Ohno retired from City of Hope in 1996 but remained active in research until his death in 2000.
Szabo acknowledges indebtedness to scientists attracted here in part by Ohno’s pioneering work. “City of Hope is a very good environment because my colleagues here understand the importance of methylation,” she said. “The first person who proposed that DNA methylation has a role in gene regulation was Art Riggs.” Arthur Riggs, Ph.D., is now professor and director of Beckman Research Institute at City of Hope.
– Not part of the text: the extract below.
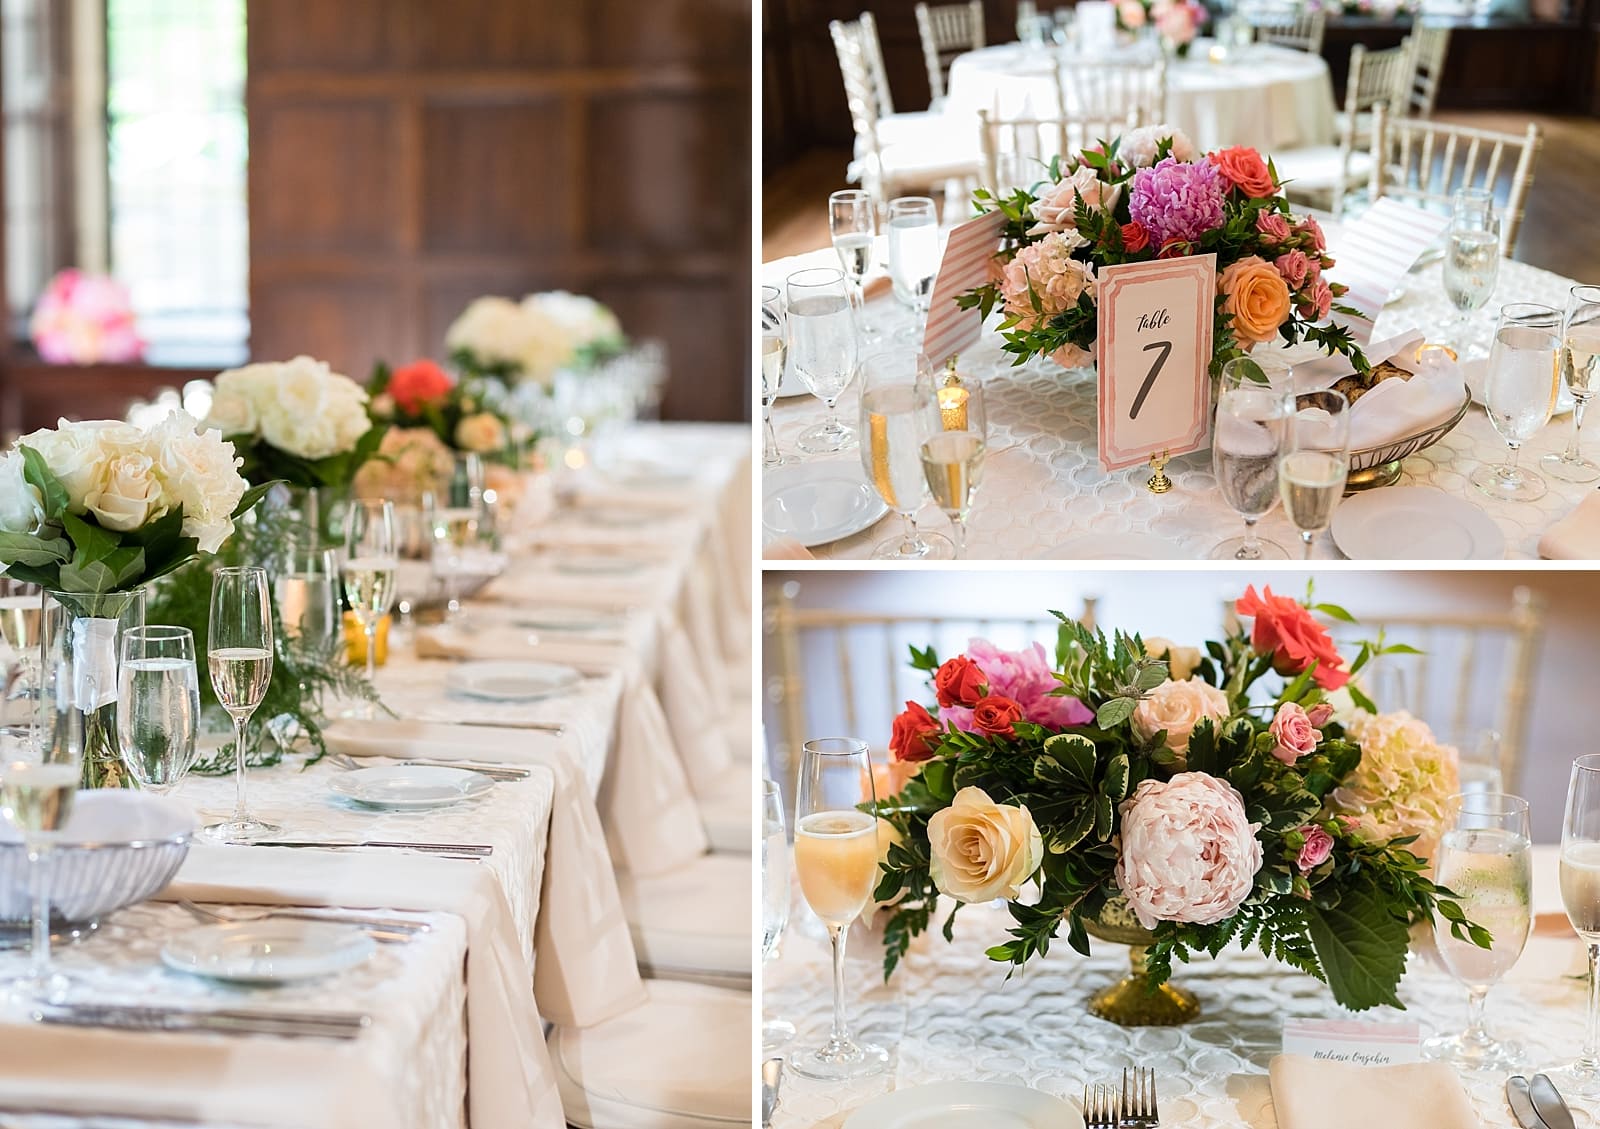 Wedding venue, Wedding reception, wedding details, wedding florals, table settings

A five-year, $2.1 million grant from the National Institutes of Health will allow Szabo to analyze methylation changes caused by potentially harmful chemicals known as “endocrine disrupters.”
“These chemicals look and act like hormones but are man-made,” explained Szabo. “They are found in plastics, PVC tubes and even children’s toys.” One that she will focus on is vinclozolin, a fungicide associated with a decline in fertility. Szabo will examine methylation of the ICR in mouse germ cells after fetuses are exposed to endocrine disrupters.

“This project centers on environmental events that potentially affect our health because they change DNA methylation at important genomic regions,” said Szabo.

Szabo received her master’s degree in biology and her Ph.D. in molecular biology from the University of Szeged in Hungary. She is also co-director together with Walter Tsark, Ph.D., of City of Hope’s Transgenic Core.